— BRIEF —
Among the entries below, only the lines from the one with "Managaha Pride Campaign" through the one with "Messerschmitt Bf 109G6" are wanted, reproduced exactly. Pictures are not wanted.

— SOURCE DATA —
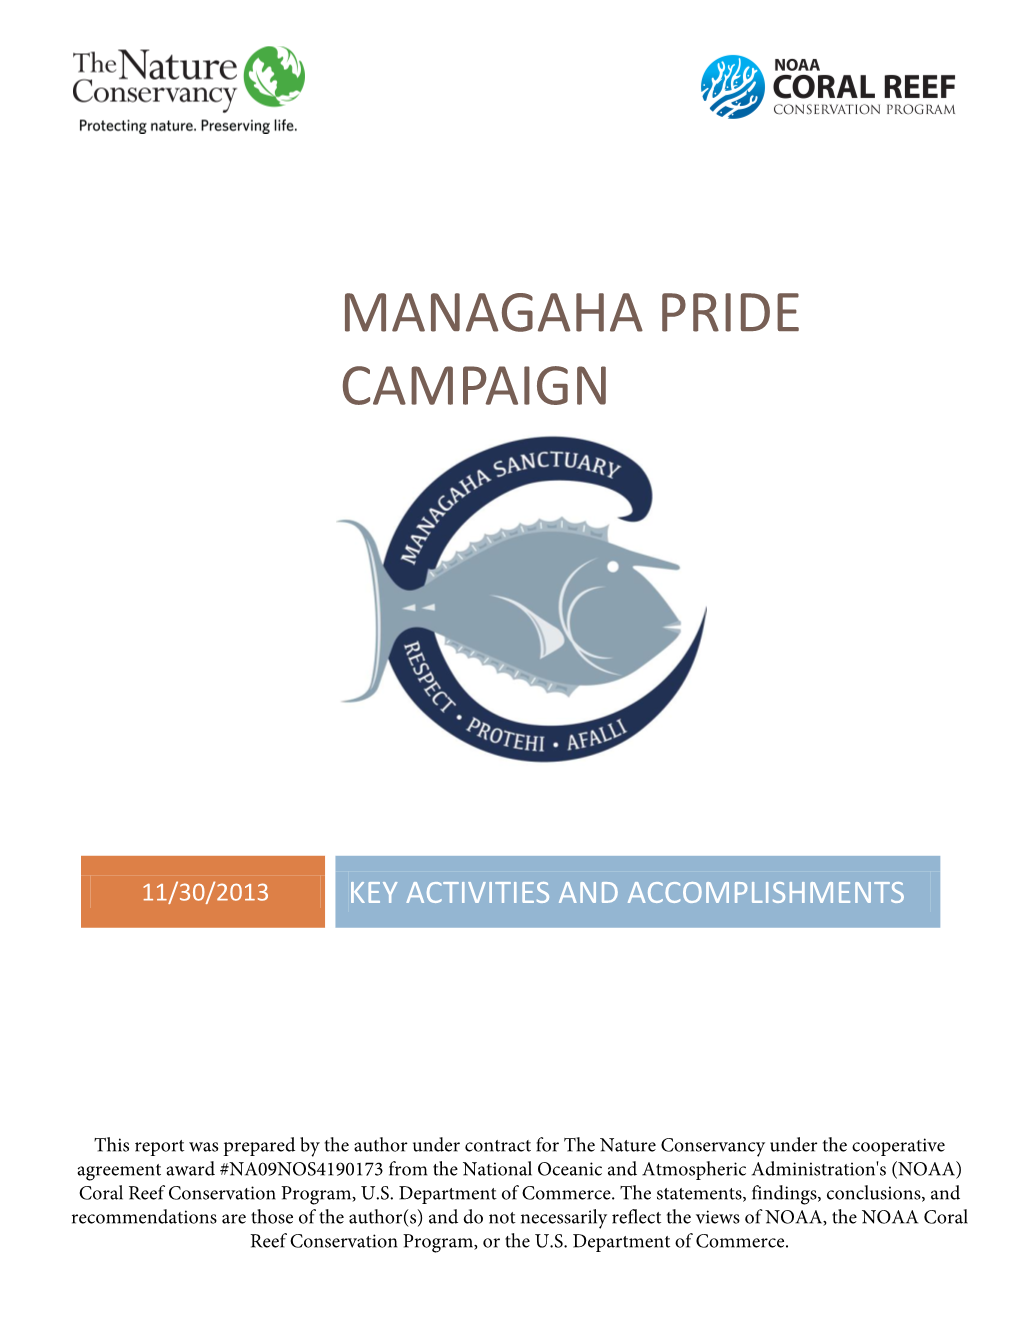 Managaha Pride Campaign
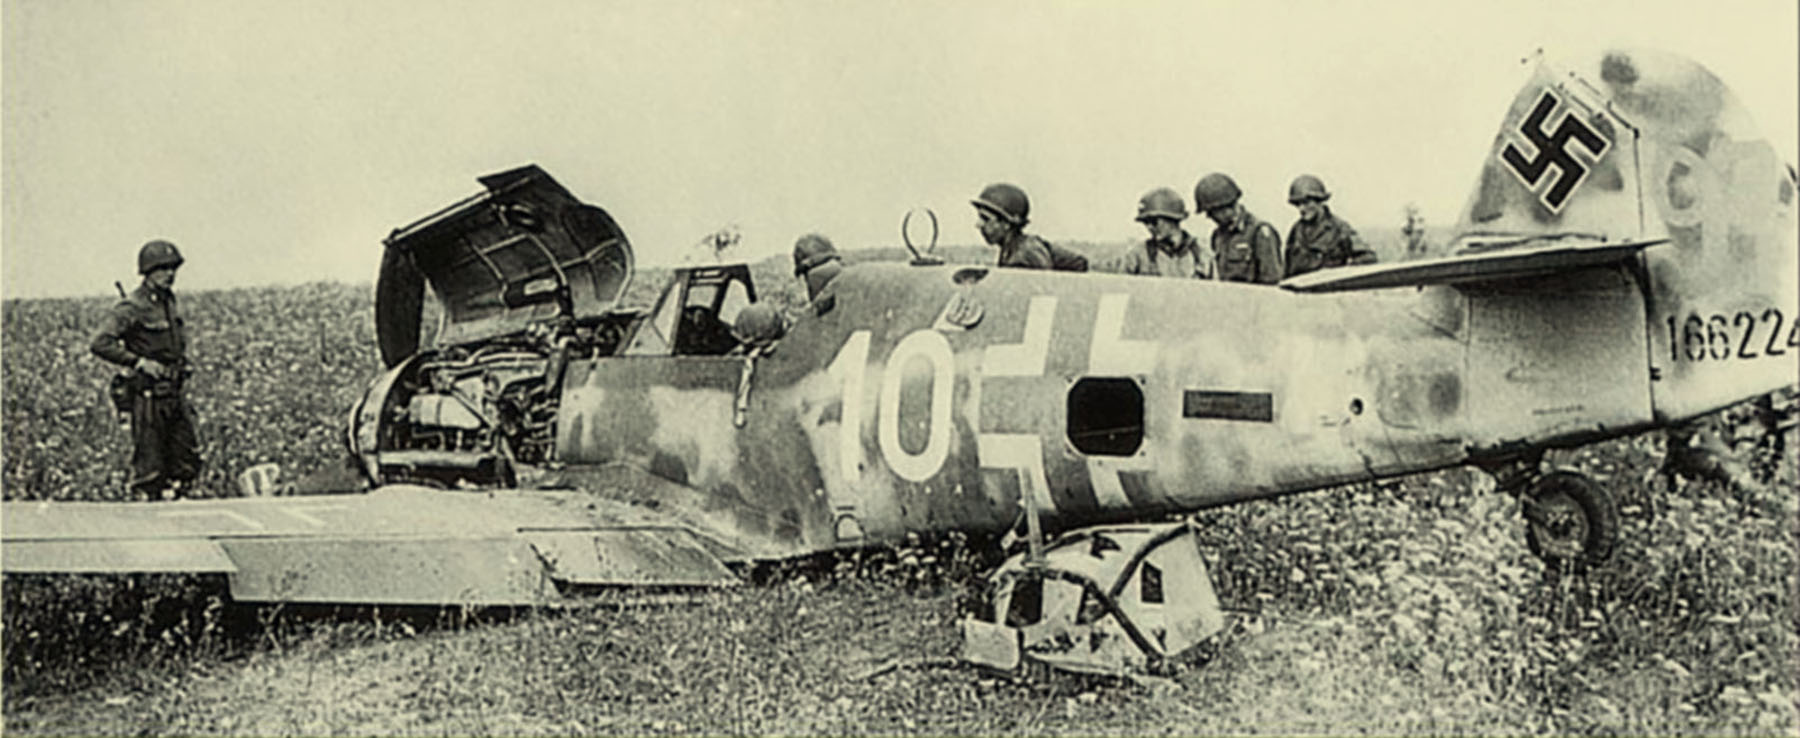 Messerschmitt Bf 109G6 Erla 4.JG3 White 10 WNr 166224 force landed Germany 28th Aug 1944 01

---

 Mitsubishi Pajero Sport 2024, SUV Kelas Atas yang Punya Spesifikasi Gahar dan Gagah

— YOUR RESPONSE —
 Managaha Pride Campaign
 Messerschmitt Bf 109G6 Erla 4.JG3 White 10 WNr 166224 force landed Germany 28th Aug 1944 01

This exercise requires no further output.